▸ **Task description**: Restate word for word the section of the entries that opens at the line containing "Olaya (21), 'Insiders'" and closes at the line containing "skate umh ngetasche", both lines kept, pictures dropped.

▸ **Input for this task**:
==*==
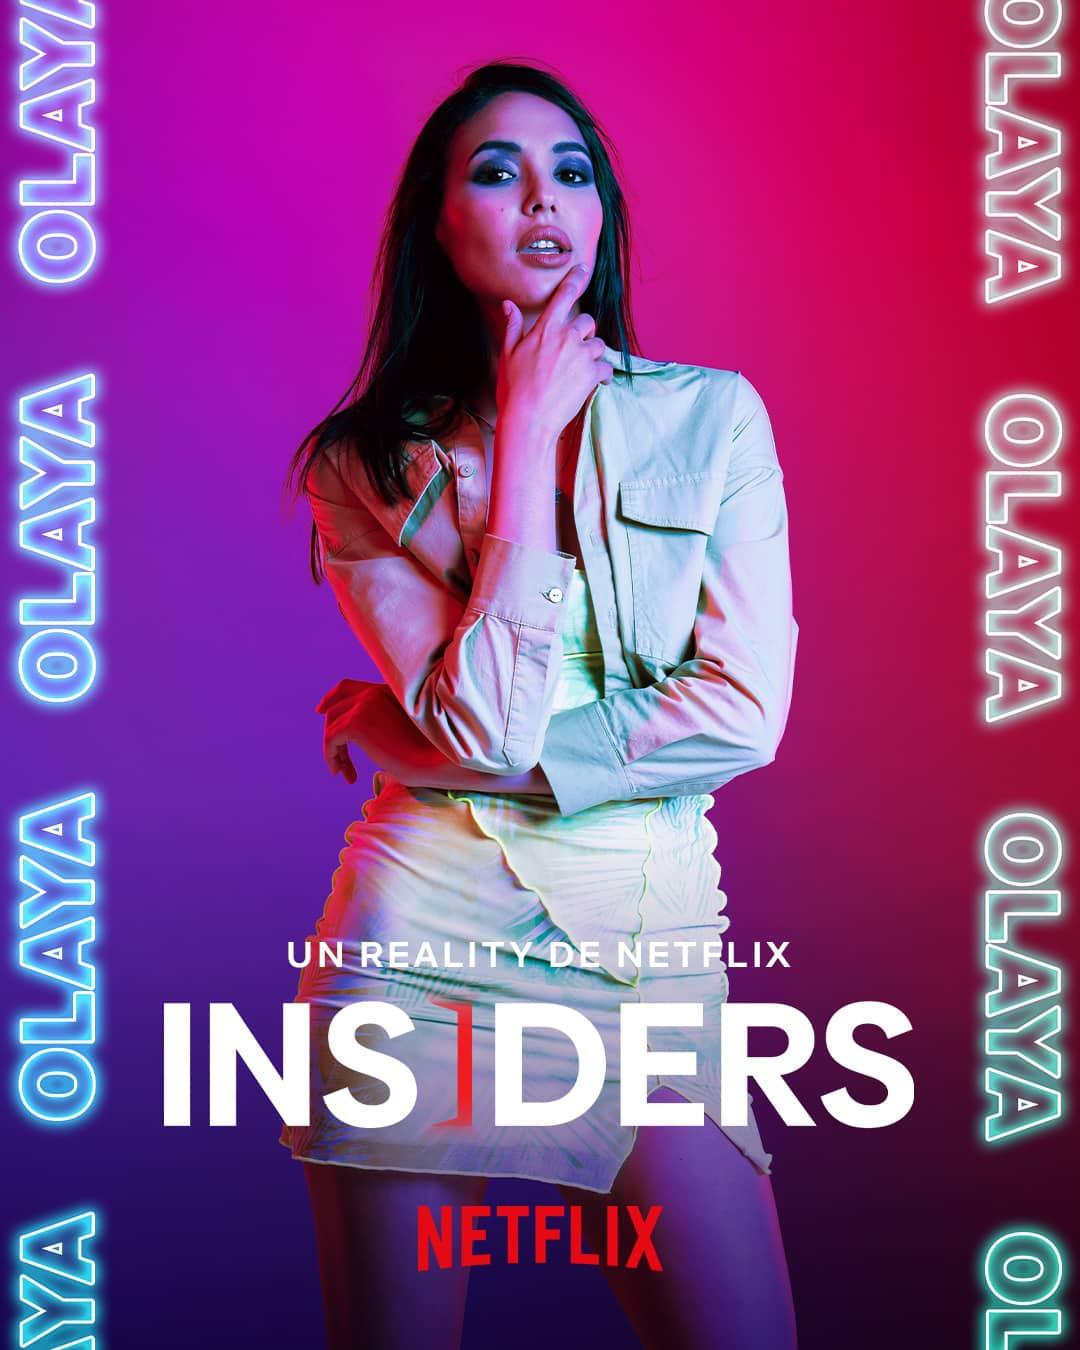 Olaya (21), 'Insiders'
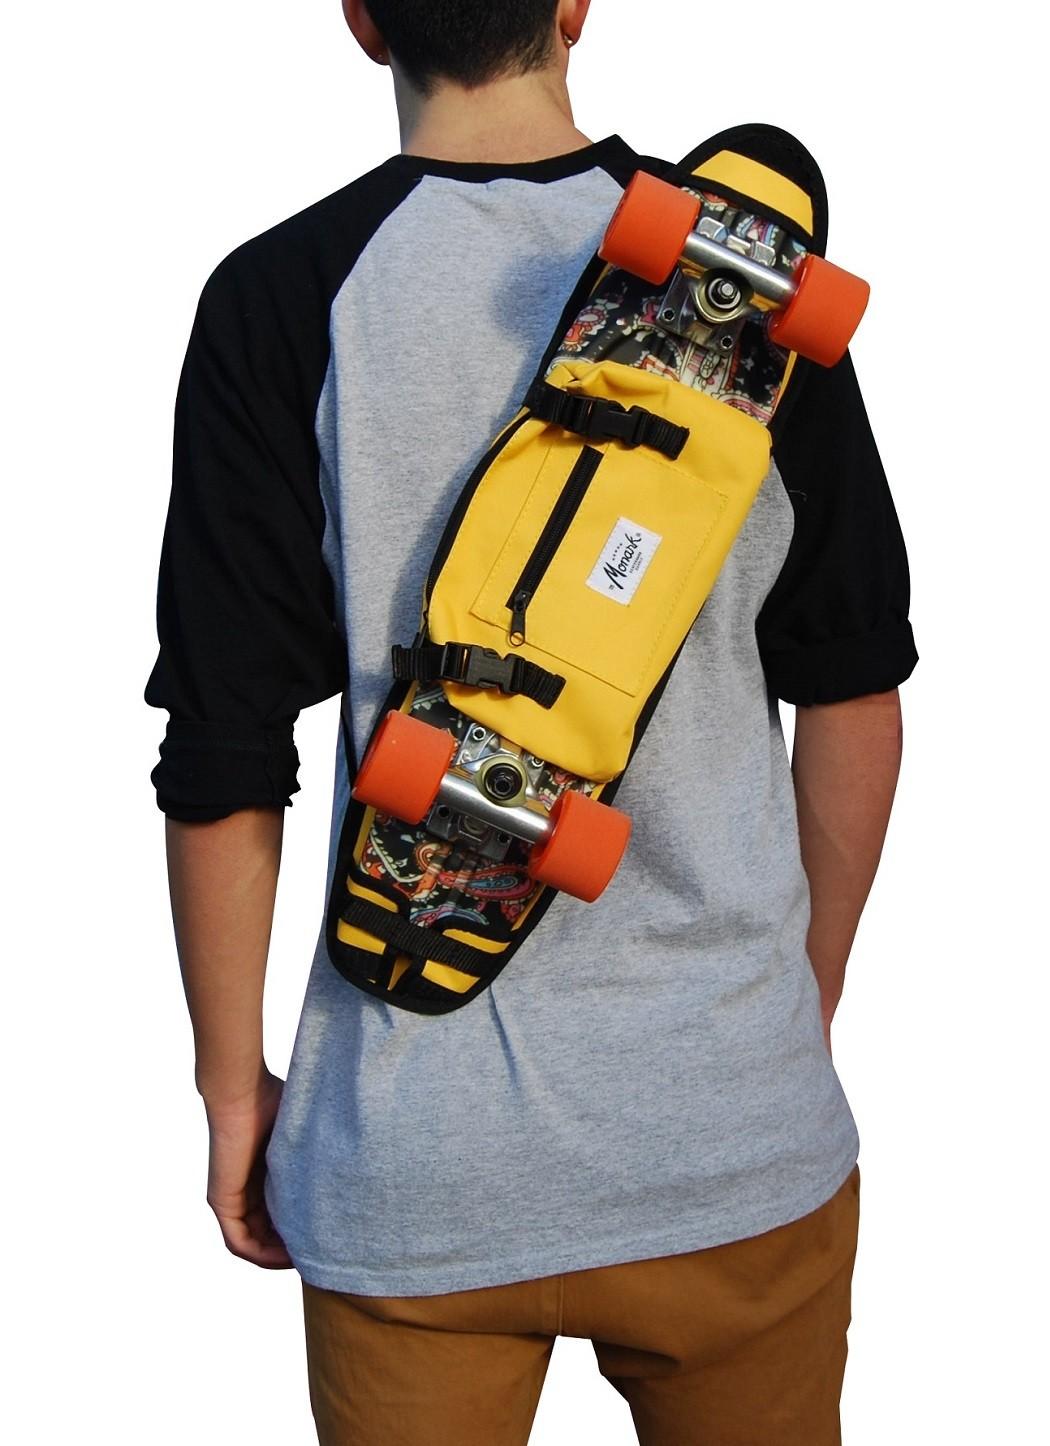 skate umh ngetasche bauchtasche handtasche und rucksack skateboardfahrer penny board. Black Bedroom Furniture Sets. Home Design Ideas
==*==
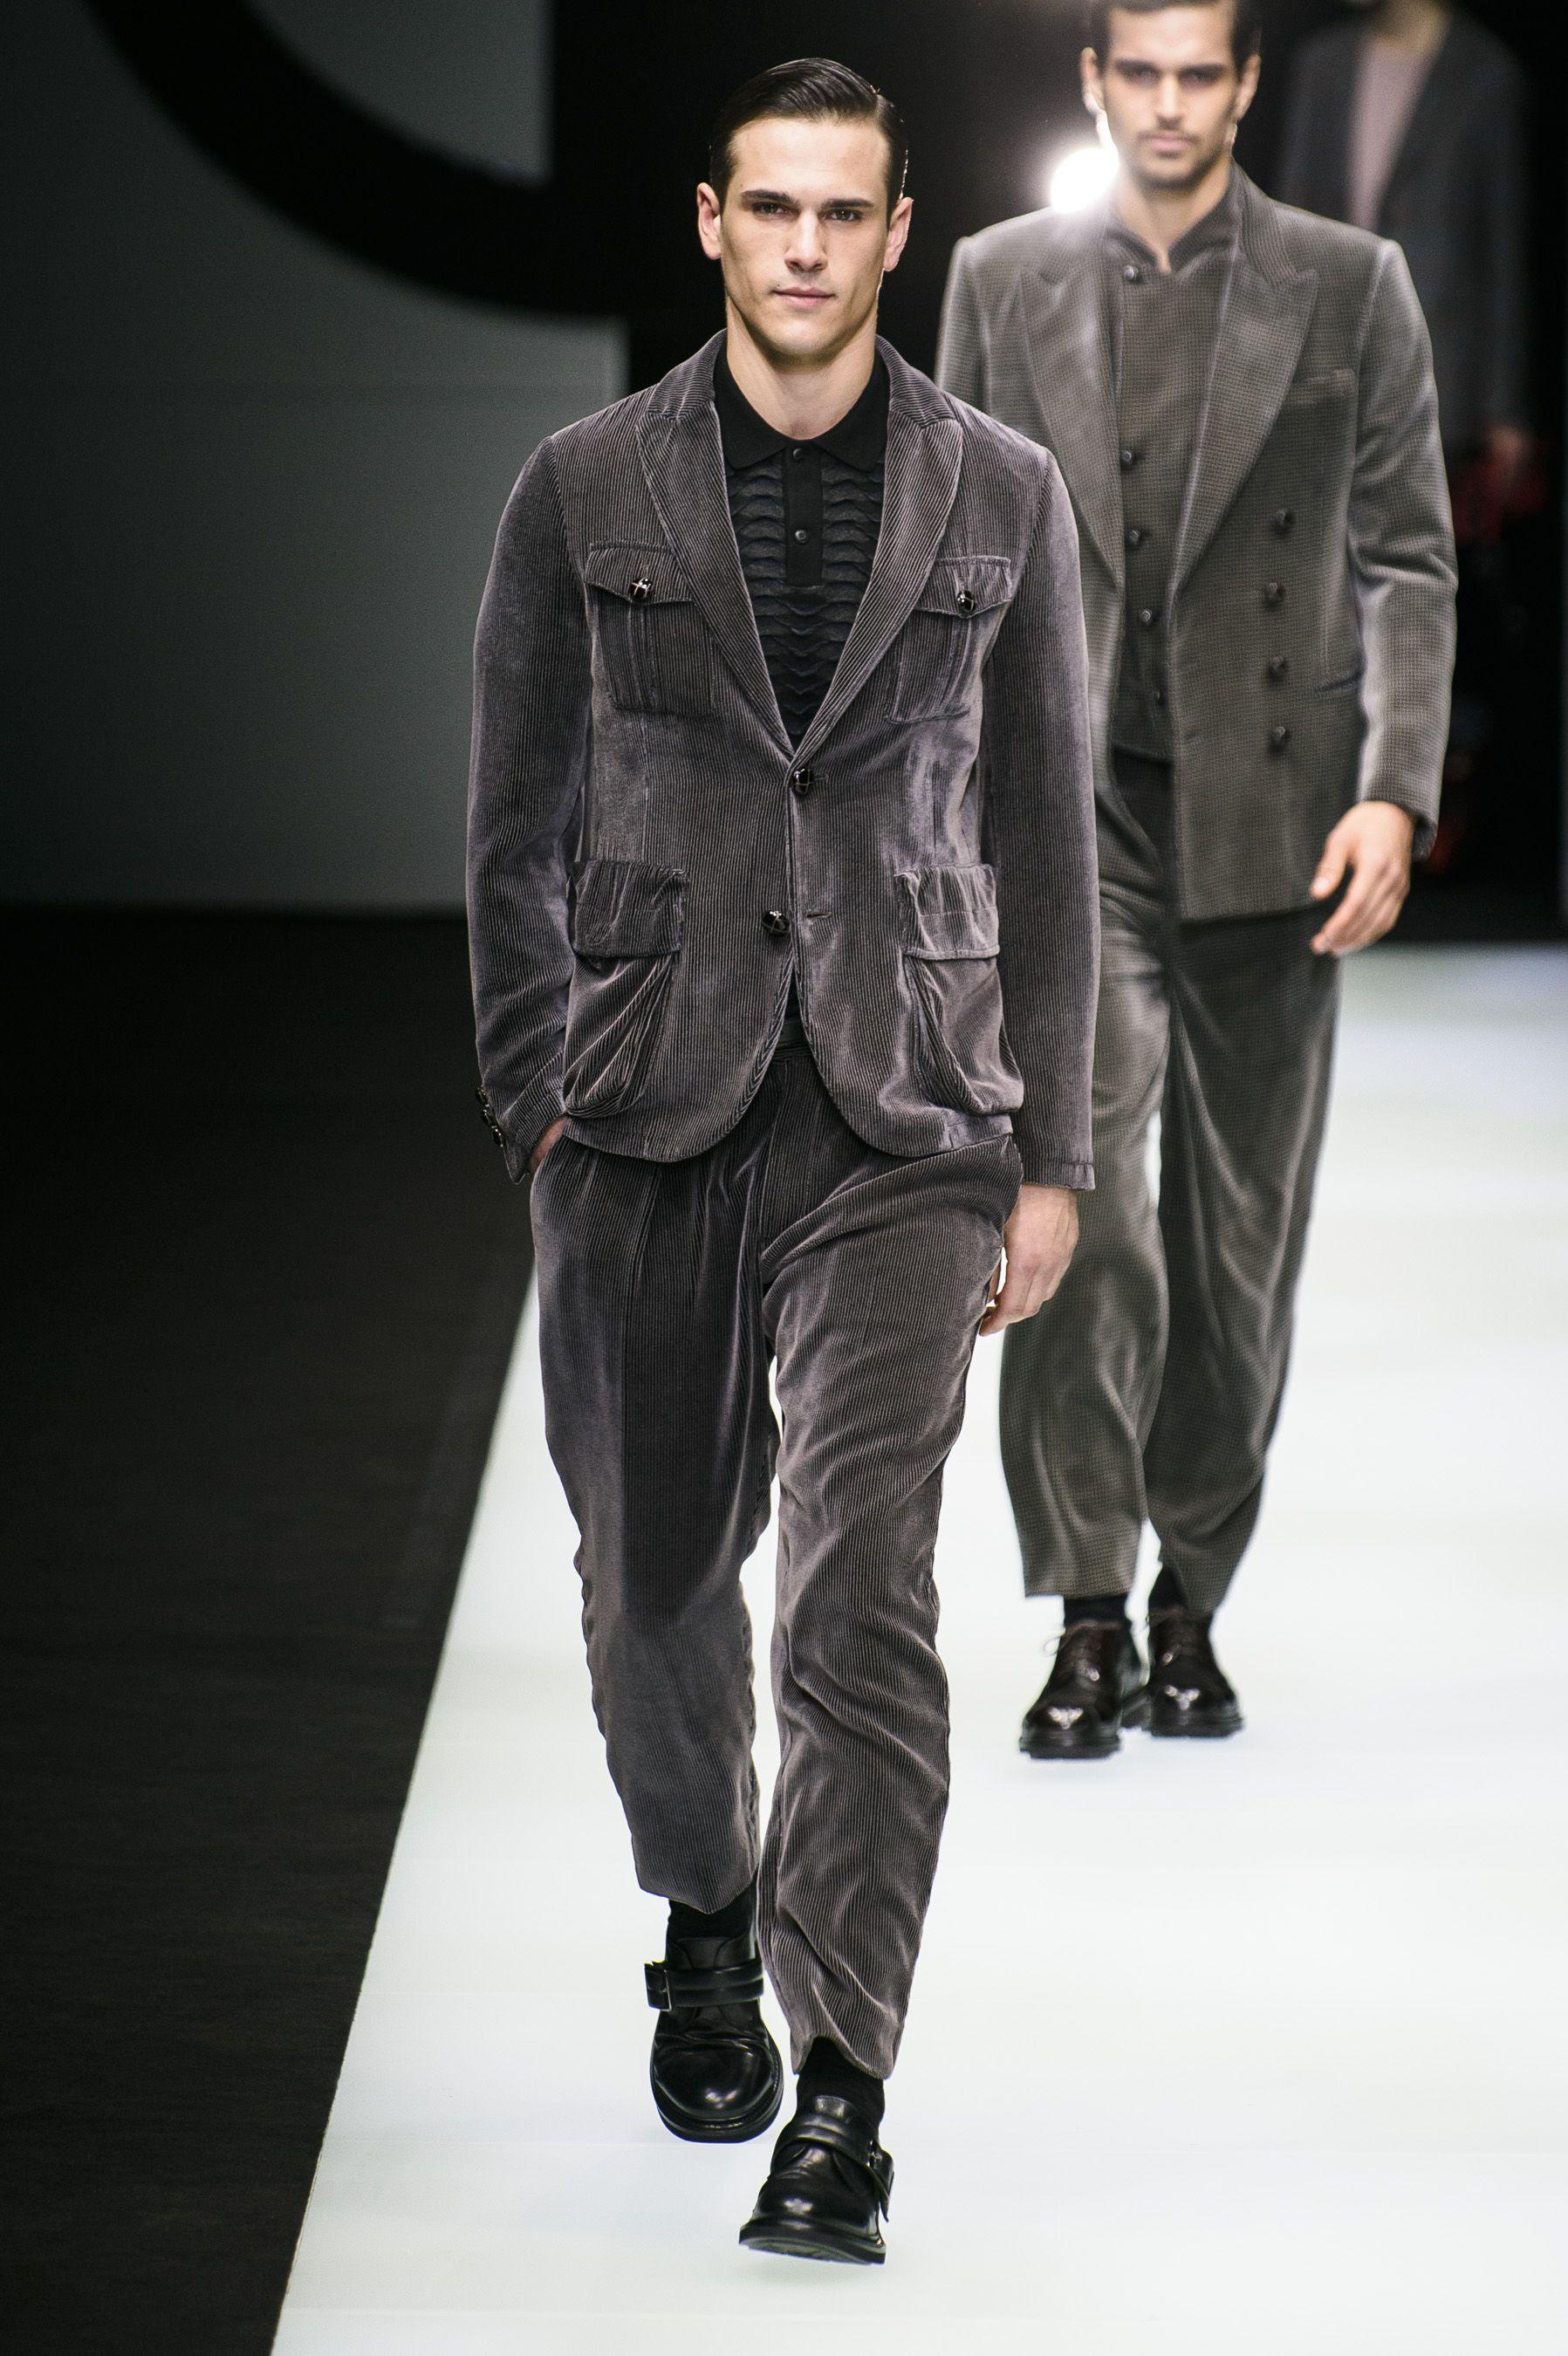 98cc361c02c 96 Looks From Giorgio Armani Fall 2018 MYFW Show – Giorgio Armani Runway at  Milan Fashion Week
==*==
▸ **Reply**:
 Olaya (21), 'Insiders'
 skate umh ngetasche bauchtasche handtasche und rucksack skateboardfahrer penny board. Black Bedroom Furniture Sets. Home Design Ideas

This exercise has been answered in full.